М. Тэн усиливает эту картину обобщениями, забрызганными бесчисленными кроваво-красными деталями английской жизни и характера. Английская раса — самая воинственная в Европе, самая грозная в битве, самая нетерпеливая к рабству. «Английские дикари» — вот что называет их Челлини; и большие голяшки говядины, которыми они наполняют себя, питают силу и свирепость их инстинктов. Чтобы закалить их основательно, институты работают в том же русле, что и природа. Нация вооружена. Каждый человек — солдат, обязанный иметь оружие в соответствии со своим положением, упражняться по воскресеньям и праздникам. Государство напоминает армию; наказания должны внушать ужас; идея войны присутствует всегда. Такие инстинкты, такая история поднимают перед ними с трагической суровостью идею жизни; смерть близка, раны, кровь, пытки. Прекрасные пурпурные плащи, праздничные одежды, в других местах знаки веселости ума, запятнаны кровью и окаймлены черным. Повсюду суровая дисциплина, топор наготове для каждого подозрения в измене; «великие люди, епископы, канцлер, принцы, родственники короля, королевы, протектор, стоящий на коленях в соломе, окропили Тауэр своей кровью; один за другим они проходили мимо, вытянув шеи; герцог Бекингем, королева Анна Болейн, королева Екатерина Говард, граф Суррей, адмирал Сеймур, герцог Сомерсет, леди Джейн Грей и ее муж, герцог Нортумберленд, граф Эссекс, все на троне или на ступенях трона, в высших рангах чести, красоты, юности, гения; от яркой процессии не осталось ничего, кроме бессмысленных туловищ, изуродованных нежной милостью палача».

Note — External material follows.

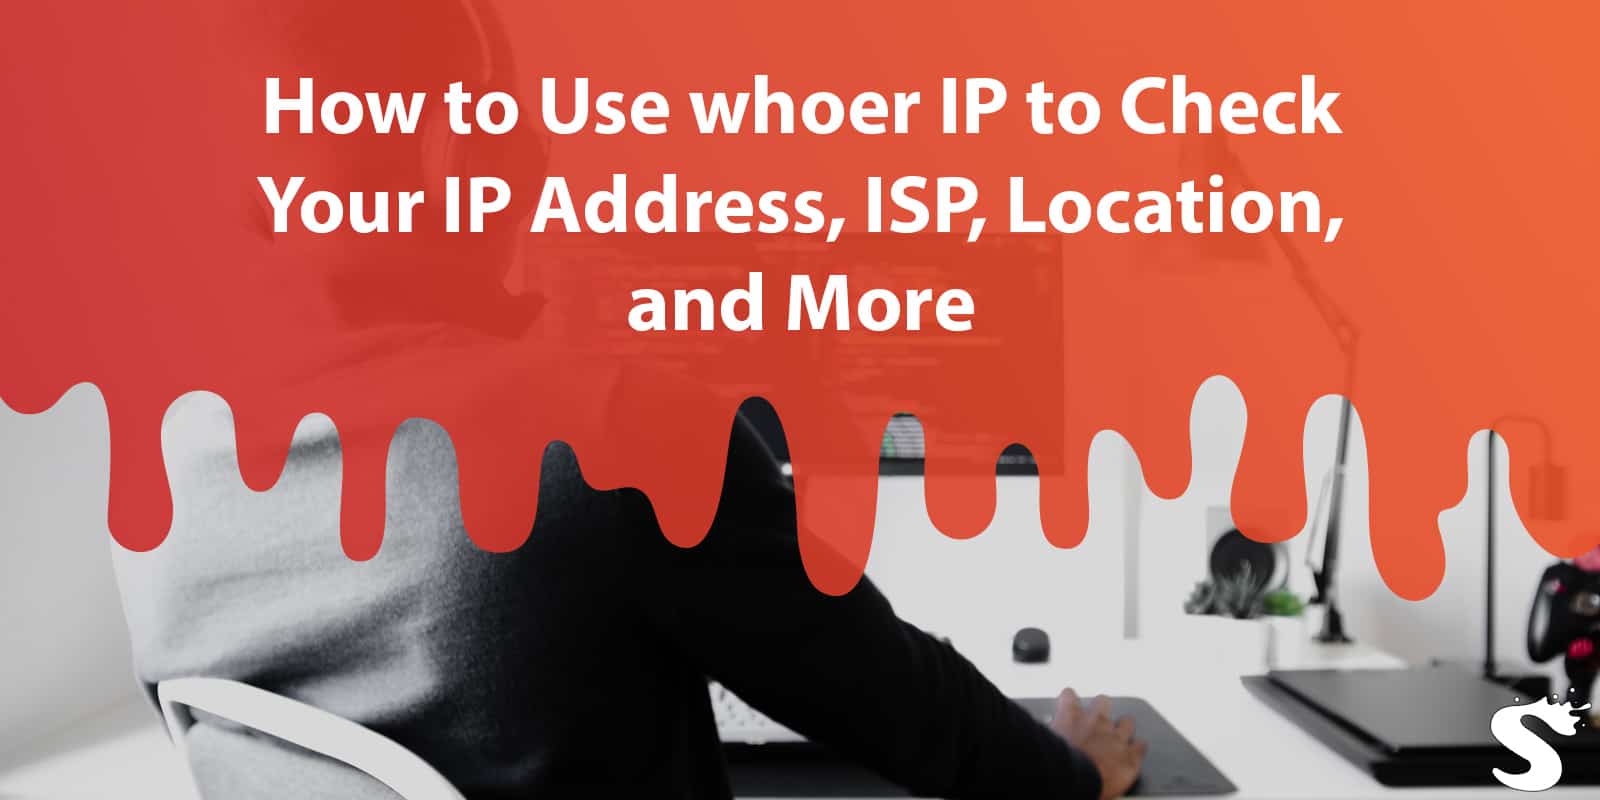 How to Use whoer IP to Check Your IP Address, ISP, Location, and More

Виселица стоит у дорог, головы предателей и преступников скалятся на городских воротах. Скорбные легенды множатся, кладбищенские призраки, ходячие духи. Вечером, перед сном, в огромных загородных домах, в бедных хижинах люди говорят о карете, которую видят запряженной безголовыми лошадьми, с безголовыми кучерами и возницами. Все это, с безграничной роскошью, необузданным развратом, мраком и весельем рука об руку. «Угрожающий и мрачный туман окутывает их разум, как их небо, и радость, как солнце, пронзает его и их сильно и с интервалами». Весь этот бунт страстей и безумие энергичной жизни, это безумие и печаль, в которых жизнь — призрак, а судьба гонит так безжалостно, Тэн находит на сцене и в литературе того периода.

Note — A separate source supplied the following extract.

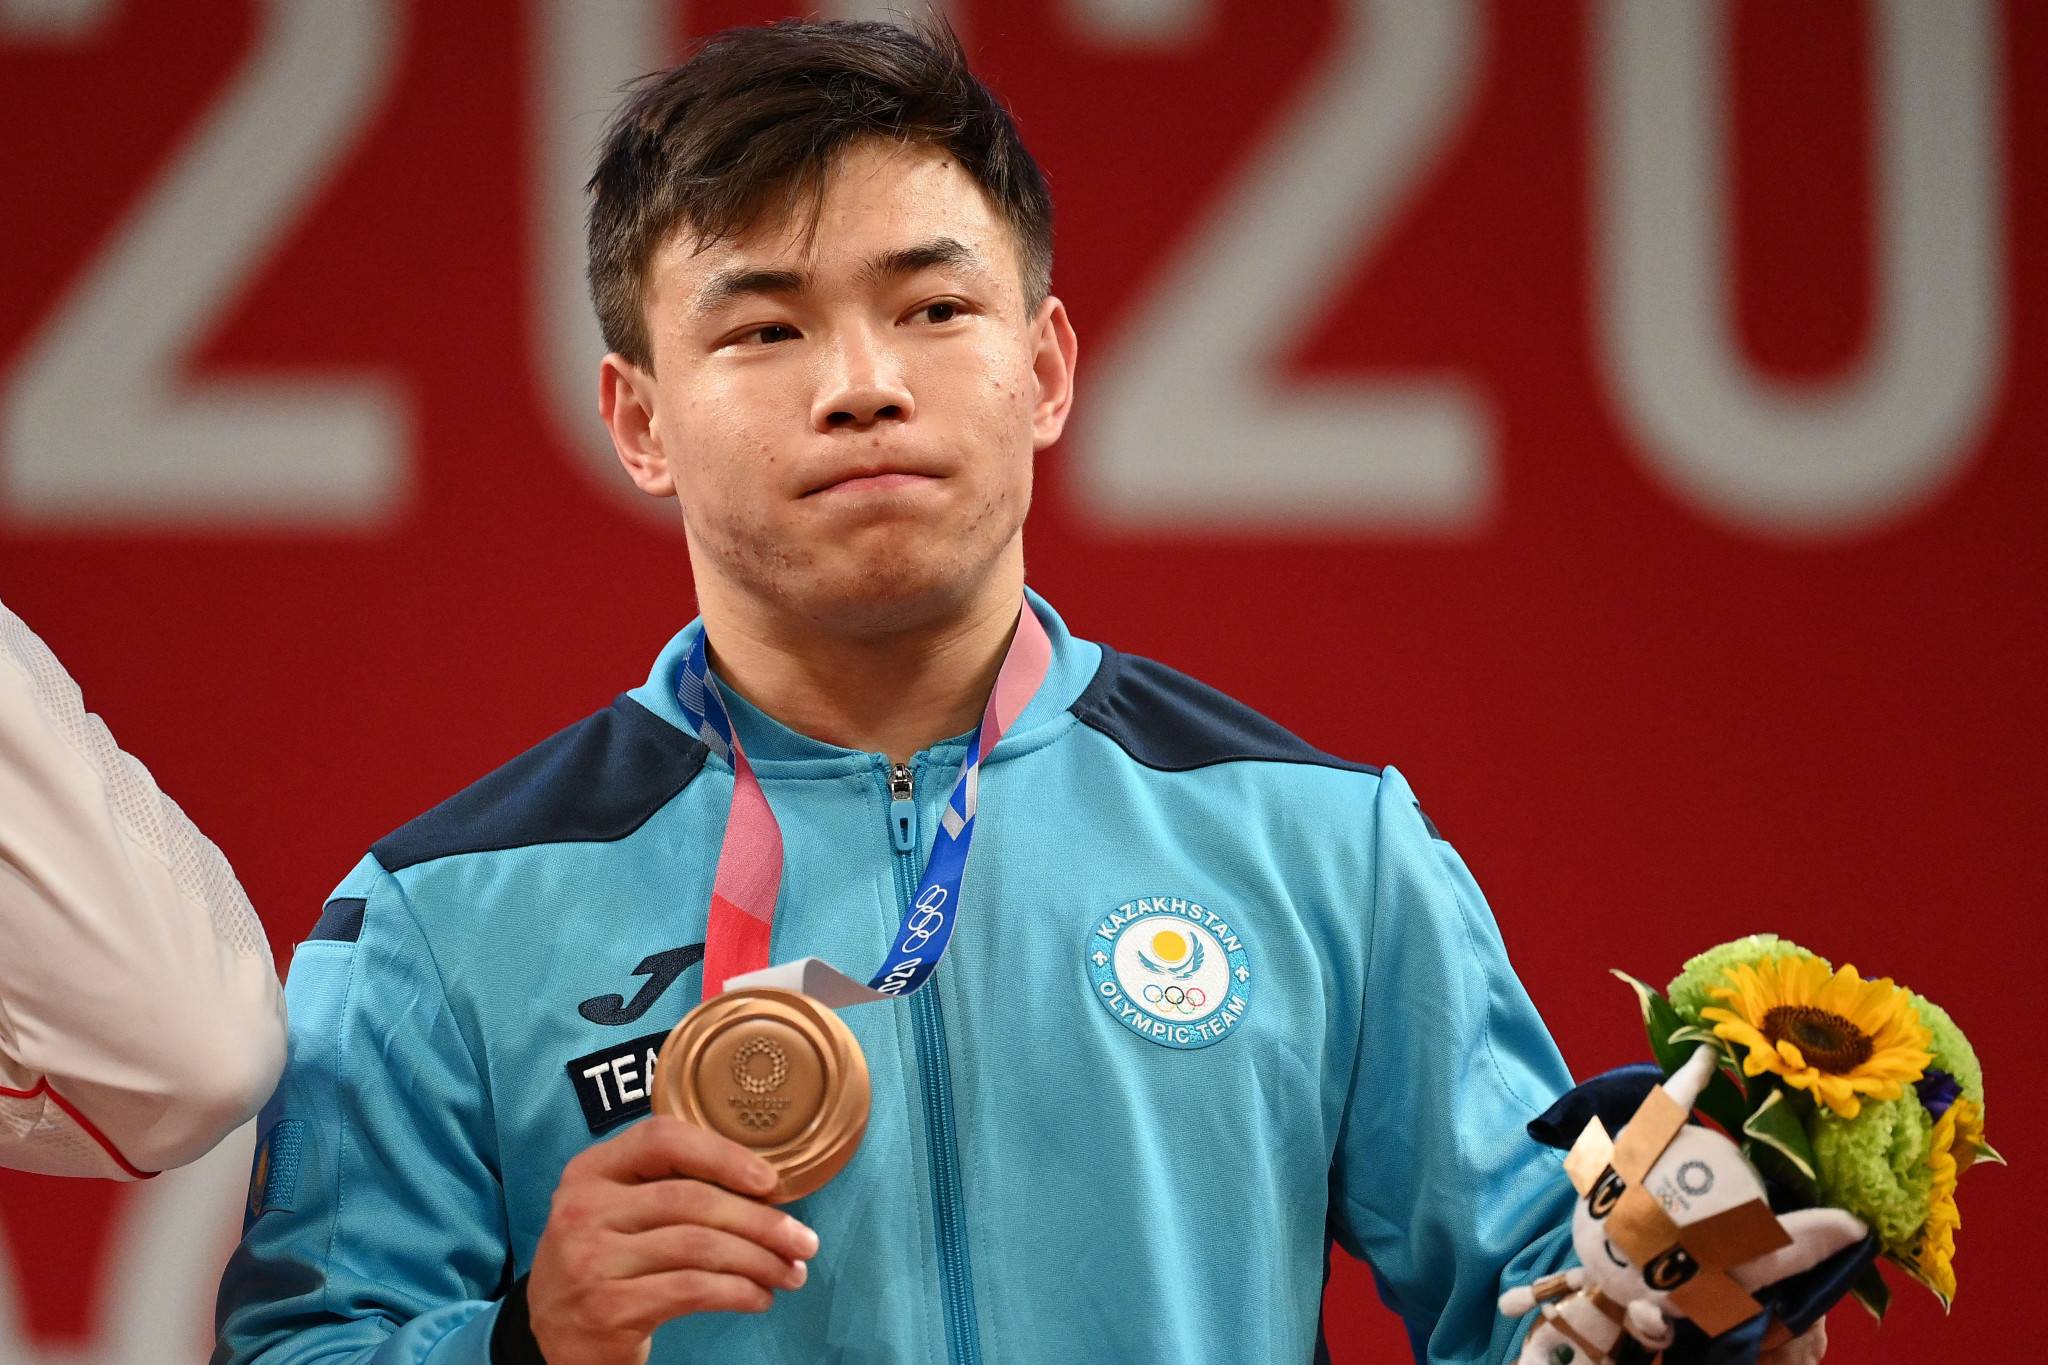 Igor Son has also tested positive for a banned substance since Tokyo 2020 ©Getty Images

Чтобы воздать ему должное, он находит кое-что еще, что могло бы дать ему намек на врожденную прочность английской жизни в ее тысячах милых домов, нечто от той великой силы моральной устойчивости, посреди всего насилия и избытка страстей и действий, которая делает нацию благородной. «В противовес этой группе трагических фигур», которые М. Тэн выстраивает из драм, «с их искаженными чертами, наглыми лицами, воинственными позами, стоит отряд (говорит он) робких фигур, нежных прежде всего, самых грациозных и достойных любви, которых человеку было дано изобразить. У Шекспира вы встретите их в Миранде, Джульетте, Дездемоне, Вирджинии, Офелии, Корделии, Имогене; но они изобилуют и в других; и это характеристика расы — поставлять их, как и драмы — представлять их. По странному совпадению, женщины здесь больше женщины, мужчины больше мужчины, чем где-либо еще. Две природы идут к своей крайности — в одной к смелости, духу предприимчивости и сопротивления, воинственному, властному и неотесанному характеру; в другой к сладости, преданности, терпению, неистребимой привязанности (отсюда счастье и сила брачных уз), вещи, неизвестной в далеких странах, и во Франции особенно, женщина здесь отдает себя, не отступая, и полагает свою славу и долг в послушании, прощении, обожании, желая и притворяясь только таять и поглощаться ежедневно все глубже и глубже в том, кого она свободно и навсегда выбрала». Это старый немецкий инстинкт. Душа в этой расе одновременно примитивна и серьезна. Женщины склонны следовать благородной мечте, называемой долгом. «Таким образом, поддерживаемые невинностью и совестью, они привносят в любовь глубокое и прямое чувство, отрекаются от кокетства, тщеславия и флирта; они не лгут, они не притворны. Когда они любят, они не пробуют запретный плод, а связывают себя на всю свою жизнь. Так понятая, любовь становится почти святой вещью; зритель больше не хочет быть злобным или шутить; женщины думают не о своем счастье, а о счастье любимых; они стремятся не к удовольствию, а к преданности».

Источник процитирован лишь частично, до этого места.